- Source material
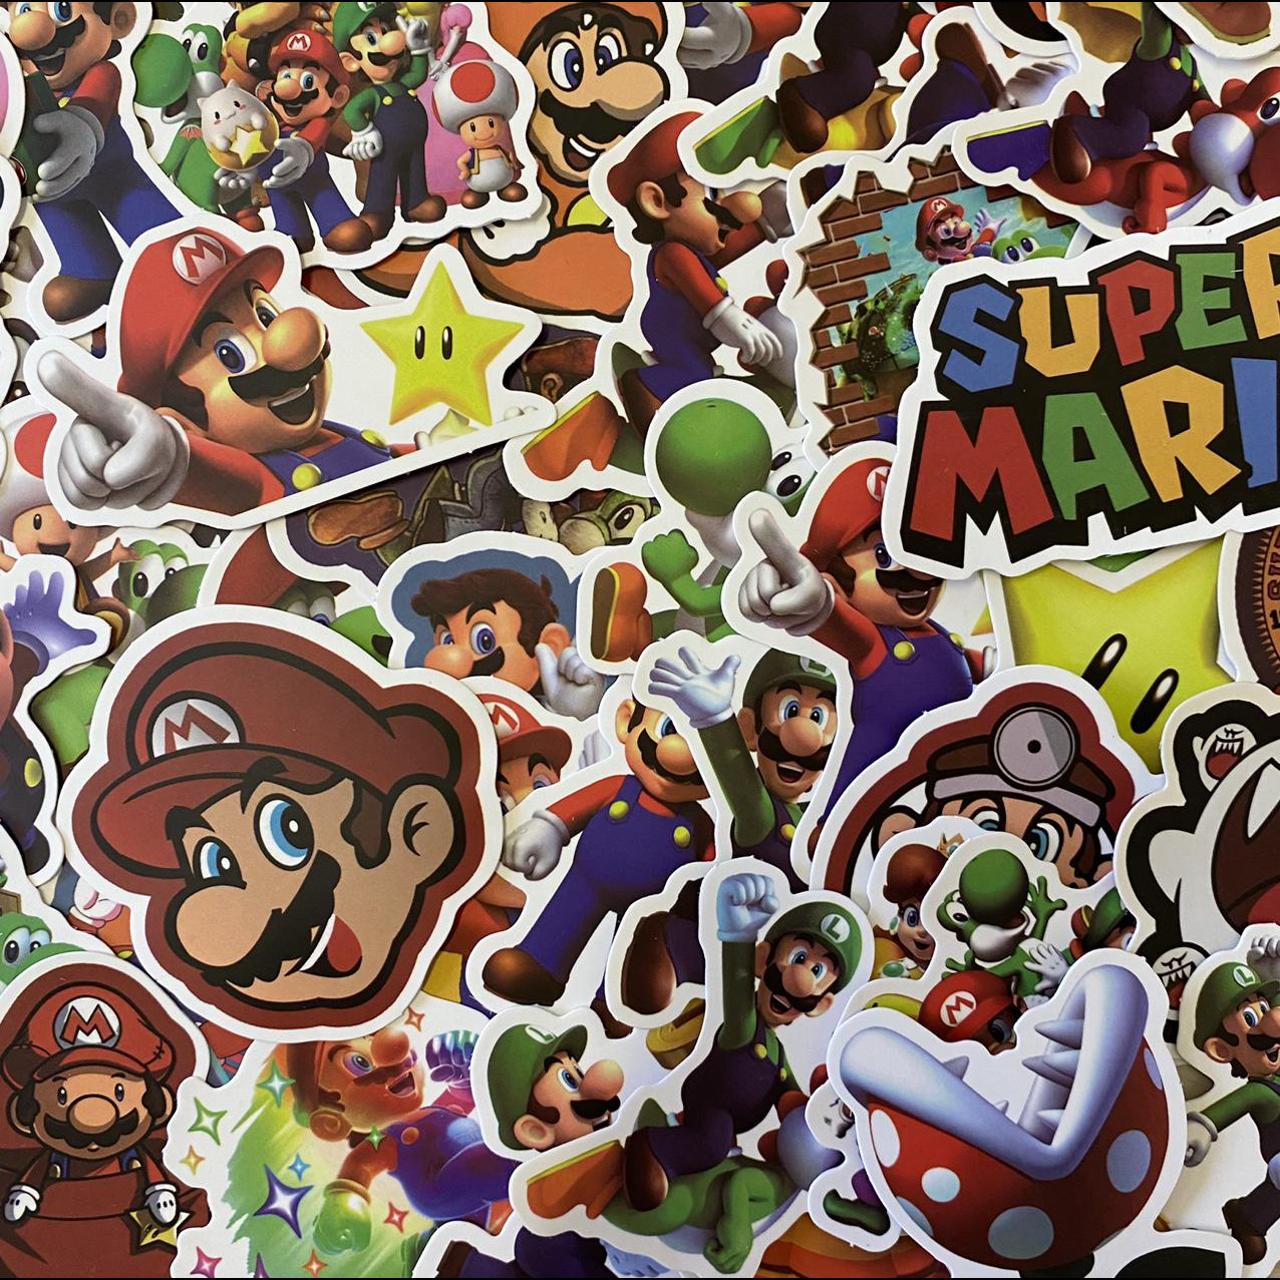 Product Image 1 - NEW!
Mario Kart / Super Mario
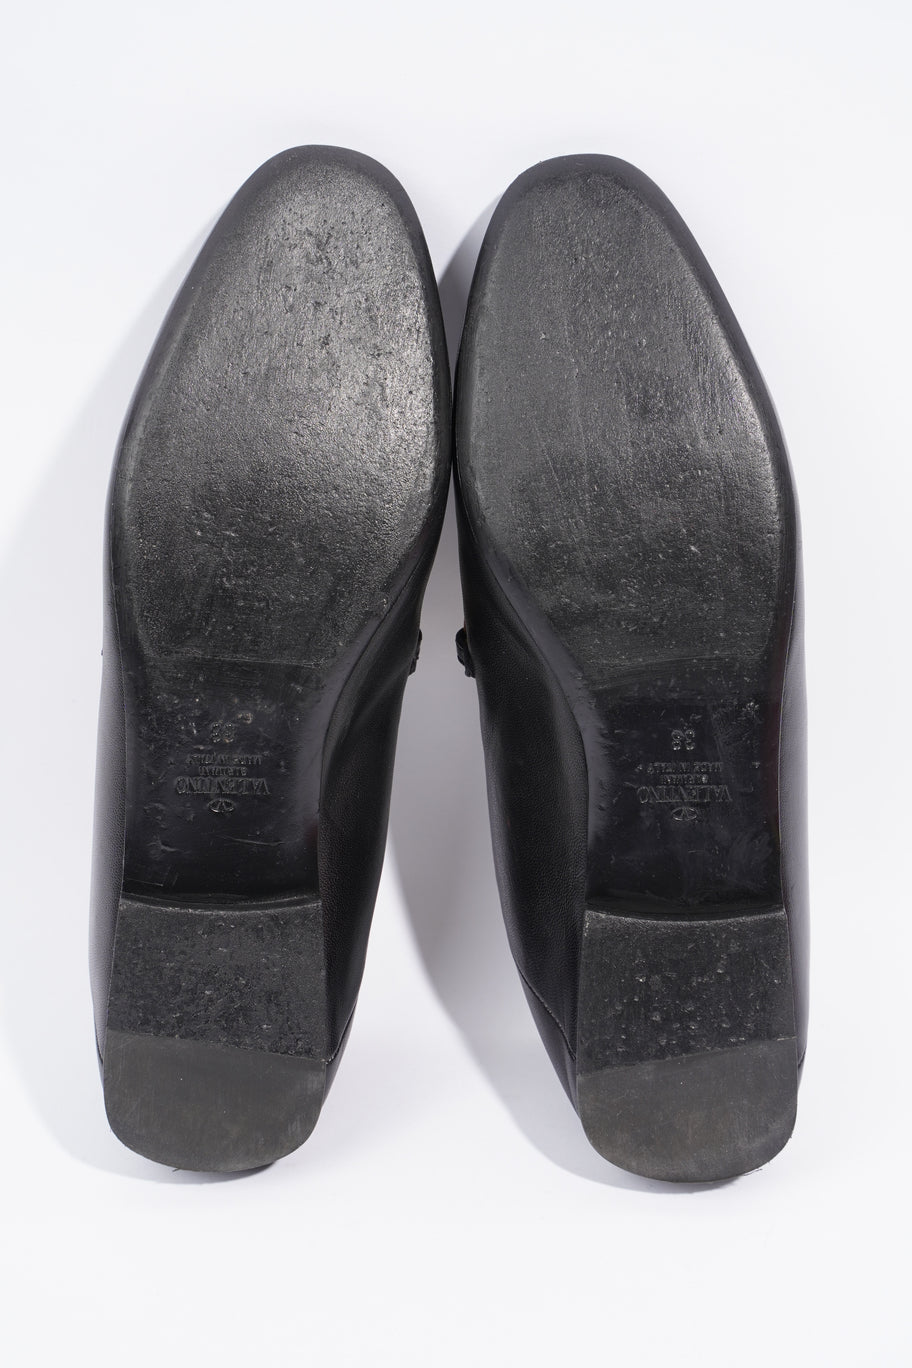 Roman Stud Loafers Black Leather EU 38 UK 5 Image 7

- Exercise
The range to set down runs from the line containing "Mario Kart / Super Mario" through the final line of the data, both ends included; give it exactly and drop the pictures.

- Finished task
Mario Kart / Super Mario
 Roman Stud Loafers Black Leather EU 38 UK 5 Image 7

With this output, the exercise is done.